When this type of religious messaging is distributed to children at Halloween, it imposes a personal agenda upon a public space meant for community fun. Alienating families and destroying the holiday’s shared feel.

America was founded on religious freedom – including acknowledging plurality of faiths in public. Some people in North Cape May this year felt the need to reject that plurality by handing out religious tracts on Halloween and making one belief system more legitimate than any other.

This is especially dangerous when directed at children, who aren’t equipped to interpret religious messages. As a secular parent I believe that Halloween is a religious free playground for children, not a forum for theological outreach.

Ironically, most of the same groups that think it’s normal to pass out these religious flyers to trick-or-treaters also accuse others (such as the LGBTQIA+ community) of “shoving their lifestyle down our throats” in society.

Yet offering children religious literature during a secular holiday is precisely the type of behavior these organizations and people purport to discourage. Using Halloween to promote a particular faith disregards the rights of non-believing families and imposes personal beliefs during an event where such messaging is neither necessary nor appropriate.

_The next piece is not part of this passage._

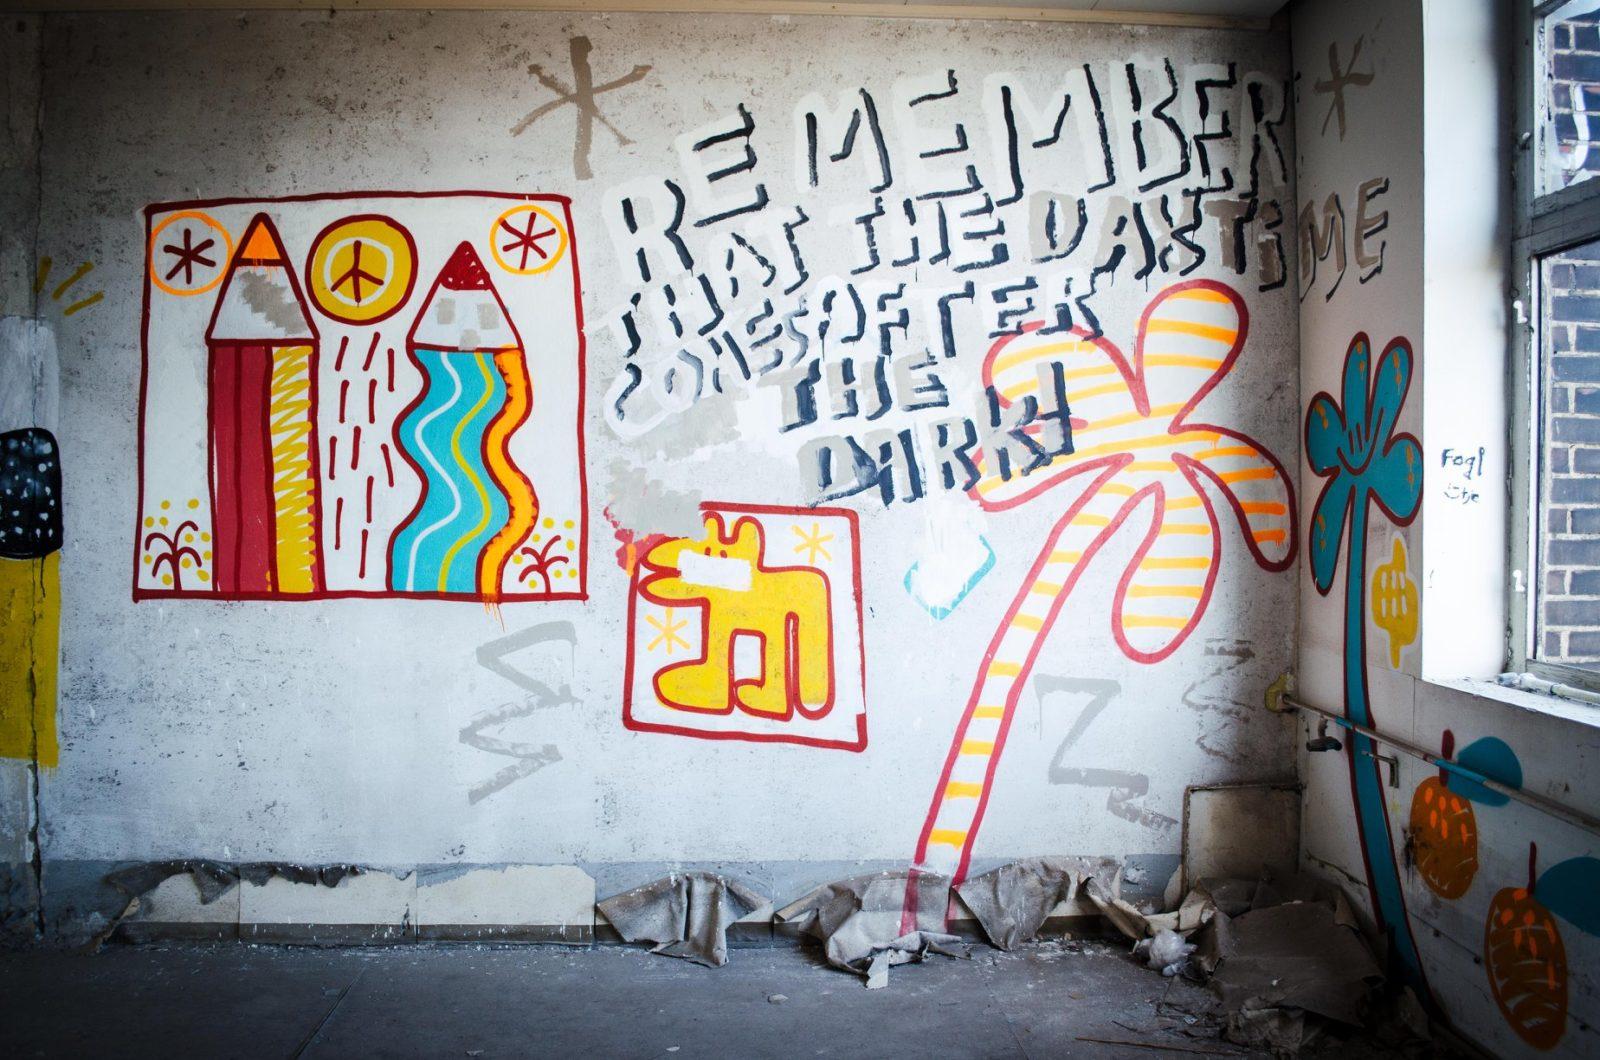 iBUG street art festival allemagne urbex friche abandonnee Billy copyright Loquita Pictures - Où partir cet été ? À la découverte des meilleurs festivals de street art en Europe

Halloween is one of the few truly secular holidays that brings everyone together regardless of race or religion. It creates a community and common pride that runs far beyond ideology. If church tracts show up in kids’ trick-or-treat bags, it erodes the trust and respect that Halloween provides for those of us who wish to make connections free of religious indoctrination.

Parents want candy and harmless treats for their kids on Halloween – not religious canon. In an open, egalitarian nation such as the United States, we should always leave a space for secular, collective fun.

Halloween should be a celebration that includes all kids, regardless of their ideological intentions. Let’s just keep Halloween the way it is: an exercise in creativity, celebration and neighborhood collaboration, free from invasive political religious messaging by extremists. By honoring this custom as a secular institution, we honor the norms of mutual respect and pluralism that characterize our country.